What this task involves ▸ Here are some entries; quote each one exactly.

Items from a data source
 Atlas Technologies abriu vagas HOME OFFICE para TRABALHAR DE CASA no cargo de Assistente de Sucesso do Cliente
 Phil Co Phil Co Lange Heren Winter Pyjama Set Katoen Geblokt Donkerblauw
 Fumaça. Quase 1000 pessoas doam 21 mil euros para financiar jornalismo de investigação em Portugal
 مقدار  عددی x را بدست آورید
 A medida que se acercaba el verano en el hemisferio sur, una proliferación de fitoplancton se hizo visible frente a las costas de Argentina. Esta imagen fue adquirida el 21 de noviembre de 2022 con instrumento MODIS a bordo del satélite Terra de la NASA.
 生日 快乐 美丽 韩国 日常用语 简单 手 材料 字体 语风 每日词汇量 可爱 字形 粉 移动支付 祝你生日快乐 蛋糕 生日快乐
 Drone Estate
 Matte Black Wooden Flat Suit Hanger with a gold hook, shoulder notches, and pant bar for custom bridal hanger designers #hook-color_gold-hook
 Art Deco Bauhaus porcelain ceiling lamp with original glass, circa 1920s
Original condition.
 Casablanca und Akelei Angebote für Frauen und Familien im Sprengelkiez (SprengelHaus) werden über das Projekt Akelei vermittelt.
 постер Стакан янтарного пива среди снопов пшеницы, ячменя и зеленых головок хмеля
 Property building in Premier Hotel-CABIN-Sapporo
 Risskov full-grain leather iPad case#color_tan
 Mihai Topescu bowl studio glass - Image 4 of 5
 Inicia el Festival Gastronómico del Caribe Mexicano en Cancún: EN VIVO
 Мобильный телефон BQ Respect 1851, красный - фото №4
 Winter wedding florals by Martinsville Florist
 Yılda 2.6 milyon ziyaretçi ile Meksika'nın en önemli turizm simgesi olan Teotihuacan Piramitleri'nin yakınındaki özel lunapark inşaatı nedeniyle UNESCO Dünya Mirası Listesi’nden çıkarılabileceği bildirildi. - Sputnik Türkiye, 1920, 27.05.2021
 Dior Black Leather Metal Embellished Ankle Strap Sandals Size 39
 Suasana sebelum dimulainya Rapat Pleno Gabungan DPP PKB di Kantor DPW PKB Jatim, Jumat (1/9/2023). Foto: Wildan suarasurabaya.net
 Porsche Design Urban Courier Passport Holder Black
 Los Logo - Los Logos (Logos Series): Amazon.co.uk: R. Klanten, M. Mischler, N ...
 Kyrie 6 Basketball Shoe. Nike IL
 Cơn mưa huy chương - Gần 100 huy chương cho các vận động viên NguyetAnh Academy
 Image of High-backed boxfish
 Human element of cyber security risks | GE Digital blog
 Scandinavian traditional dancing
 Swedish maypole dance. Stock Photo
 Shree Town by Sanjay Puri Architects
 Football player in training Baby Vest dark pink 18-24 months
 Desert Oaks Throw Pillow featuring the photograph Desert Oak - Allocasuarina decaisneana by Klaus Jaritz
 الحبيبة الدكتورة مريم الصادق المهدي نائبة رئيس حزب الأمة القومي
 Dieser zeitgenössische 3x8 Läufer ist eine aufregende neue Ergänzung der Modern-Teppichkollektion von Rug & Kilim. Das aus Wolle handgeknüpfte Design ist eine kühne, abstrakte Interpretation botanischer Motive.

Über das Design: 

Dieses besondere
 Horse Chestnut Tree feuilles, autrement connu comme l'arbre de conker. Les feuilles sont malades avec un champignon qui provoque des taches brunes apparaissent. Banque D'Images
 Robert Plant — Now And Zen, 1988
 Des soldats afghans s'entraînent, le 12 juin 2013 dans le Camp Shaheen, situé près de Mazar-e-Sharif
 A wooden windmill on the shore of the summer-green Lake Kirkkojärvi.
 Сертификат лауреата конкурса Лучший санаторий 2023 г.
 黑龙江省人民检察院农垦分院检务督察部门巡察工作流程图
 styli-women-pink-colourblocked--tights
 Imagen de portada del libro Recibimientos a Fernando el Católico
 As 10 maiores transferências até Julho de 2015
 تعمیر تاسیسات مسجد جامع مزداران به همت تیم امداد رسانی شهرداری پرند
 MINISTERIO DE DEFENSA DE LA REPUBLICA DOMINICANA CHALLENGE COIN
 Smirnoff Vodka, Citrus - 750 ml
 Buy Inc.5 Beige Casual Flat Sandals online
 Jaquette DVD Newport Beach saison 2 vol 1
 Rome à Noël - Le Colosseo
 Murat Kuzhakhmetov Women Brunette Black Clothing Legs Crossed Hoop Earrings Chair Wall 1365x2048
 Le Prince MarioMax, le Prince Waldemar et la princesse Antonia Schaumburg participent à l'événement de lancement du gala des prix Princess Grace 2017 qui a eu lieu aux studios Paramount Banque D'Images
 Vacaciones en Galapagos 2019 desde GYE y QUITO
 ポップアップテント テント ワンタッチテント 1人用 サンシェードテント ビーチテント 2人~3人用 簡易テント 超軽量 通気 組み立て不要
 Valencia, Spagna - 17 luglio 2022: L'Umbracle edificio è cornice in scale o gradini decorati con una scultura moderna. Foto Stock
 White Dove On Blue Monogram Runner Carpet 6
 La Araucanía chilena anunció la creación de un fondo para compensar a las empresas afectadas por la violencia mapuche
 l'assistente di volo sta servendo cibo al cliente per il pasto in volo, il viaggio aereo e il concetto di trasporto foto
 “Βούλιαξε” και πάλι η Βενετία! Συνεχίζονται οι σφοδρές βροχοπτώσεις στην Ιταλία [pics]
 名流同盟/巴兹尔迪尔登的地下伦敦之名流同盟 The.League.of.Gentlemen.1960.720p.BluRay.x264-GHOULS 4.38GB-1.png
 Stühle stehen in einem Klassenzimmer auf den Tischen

Solved problem ▸
 Atlas Technologies abriu vagas HOME OFFICE para TRABALHAR DE CASA no cargo de Assistente de Sucesso do Cliente
 Phil Co Phil Co Lange Heren Winter Pyjama Set Katoen Geblokt Donkerblauw
 Fumaça. Quase 1000 pessoas doam 21 mil euros para financiar jornalismo de investigação em Portugal
 مقدار  عددی x را بدست آورید
 A medida que se acercaba el verano en el hemisferio sur, una proliferación de fitoplancton se hizo visible frente a las costas de Argentina. Esta imagen fue adquirida el 21 de noviembre de 2022 con instrumento MODIS a bordo del satélite Terra de la NASA.
 生日 快乐 美丽 韩国 日常用语 简单 手 材料 字体 语风 每日词汇量 可爱 字形 粉 移动支付 祝你生日快乐 蛋糕 生日快乐
 Drone Estate
 Matte Black Wooden Flat Suit Hanger with a gold hook, shoulder notches, and pant bar for custom bridal hanger designers #hook-color_gold-hook
 Art Deco Bauhaus porcelain ceiling lamp with original glass, circa 1920s
Original condition.
 Casablanca und Akelei Angebote für Frauen und Familien im Sprengelkiez (SprengelHaus) werden über das Projekt Akelei vermittelt.
 постер Стакан янтарного пива среди снопов пшеницы, ячменя и зеленых головок хмеля
 Property building in Premier Hotel-CABIN-Sapporo
 Risskov full-grain leather iPad case#color_tan
 Mihai Topescu bowl studio glass - Image 4 of 5
 Inicia el Festival Gastronómico del Caribe Mexicano en Cancún: EN VIVO
 Мобильный телефон BQ Respect 1851, красный - фото №4
 Winter wedding florals by Martinsville Florist
 Yılda 2.6 milyon ziyaretçi ile Meksika'nın en önemli turizm simgesi olan Teotihuacan Piramitleri'nin yakınındaki özel lunapark inşaatı nedeniyle UNESCO Dünya Mirası Listesi’nden çıkarılabileceği bildirildi. - Sputnik Türkiye, 1920, 27.05.2021
 Dior Black Leather Metal Embellished Ankle Strap Sandals Size 39
 Suasana sebelum dimulainya Rapat Pleno Gabungan DPP PKB di Kantor DPW PKB Jatim, Jumat (1/9/2023). Foto: Wildan suarasurabaya.net
 Porsche Design Urban Courier Passport Holder Black
 Los Logo - Los Logos (Logos Series): Amazon.co.uk: R. Klanten, M. Mischler, N ...
 Kyrie 6 Basketball Shoe. Nike IL
 Cơn mưa huy chương - Gần 100 huy chương cho các vận động viên NguyetAnh Academy
 Image of High-backed boxfish
 Human element of cyber security risks | GE Digital blog
 Scandinavian traditional dancing
 Swedish maypole dance. Stock Photo
 Shree Town by Sanjay Puri Architects
 Football player in training Baby Vest dark pink 18-24 months
 Desert Oaks Throw Pillow featuring the photograph Desert Oak - Allocasuarina decaisneana by Klaus Jaritz
 الحبيبة الدكتورة مريم الصادق المهدي نائبة رئيس حزب الأمة القومي
 Dieser zeitgenössische 3x8 Läufer ist eine aufregende neue Ergänzung der Modern-Teppichkollektion von Rug & Kilim. Das aus Wolle handgeknüpfte Design ist eine kühne, abstrakte Interpretation botanischer Motive.

Über das Design: 

Dieses besondere
 Horse Chestnut Tree feuilles, autrement connu comme l'arbre de conker. Les feuilles sont malades avec un champignon qui provoque des taches brunes apparaissent. Banque D'Images
 Robert Plant — Now And Zen, 1988
 Des soldats afghans s'entraînent, le 12 juin 2013 dans le Camp Shaheen, situé près de Mazar-e-Sharif
 A wooden windmill on the shore of the summer-green Lake Kirkkojärvi.
 Сертификат лауреата конкурса Лучший санаторий 2023 г.
 黑龙江省人民检察院农垦分院检务督察部门巡察工作流程图
 styli-women-pink-colourblocked--tights
 Imagen de portada del libro Recibimientos a Fernando el Católico
 As 10 maiores transferências até Julho de 2015
 تعمیر تاسیسات مسجد جامع مزداران به همت تیم امداد رسانی شهرداری پرند
 MINISTERIO DE DEFENSA DE LA REPUBLICA DOMINICANA CHALLENGE COIN
 Smirnoff Vodka, Citrus - 750 ml
 Buy Inc.5 Beige Casual Flat Sandals online
 Jaquette DVD Newport Beach saison 2 vol 1
 Rome à Noël - Le Colosseo
 Murat Kuzhakhmetov Women Brunette Black Clothing Legs Crossed Hoop Earrings Chair Wall 1365x2048
 Le Prince MarioMax, le Prince Waldemar et la princesse Antonia Schaumburg participent à l'événement de lancement du gala des prix Princess Grace 2017 qui a eu lieu aux studios Paramount Banque D'Images
 Vacaciones en Galapagos 2019 desde GYE y QUITO
 ポップアップテント テント ワンタッチテント 1人用 サンシェードテント ビーチテント 2人~3人用 簡易テント 超軽量 通気 組み立て不要
 Valencia, Spagna - 17 luglio 2022: L'Umbracle edificio è cornice in scale o gradini decorati con una scultura moderna. Foto Stock
 White Dove On Blue Monogram Runner Carpet 6
 La Araucanía chilena anunció la creación de un fondo para compensar a las empresas afectadas por la violencia mapuche
 l'assistente di volo sta servendo cibo al cliente per il pasto in volo, il viaggio aereo e il concetto di trasporto foto
 “Βούλιαξε” και πάλι η Βενετία! Συνεχίζονται οι σφοδρές βροχοπτώσεις στην Ιταλία [pics]
 名流同盟/巴兹尔迪尔登的地下伦敦之名流同盟 The.League.of.Gentlemen.1960.720p.BluRay.x264-GHOULS 4.38GB-1.png
 Stühle stehen in einem Klassenzimmer auf den Tischen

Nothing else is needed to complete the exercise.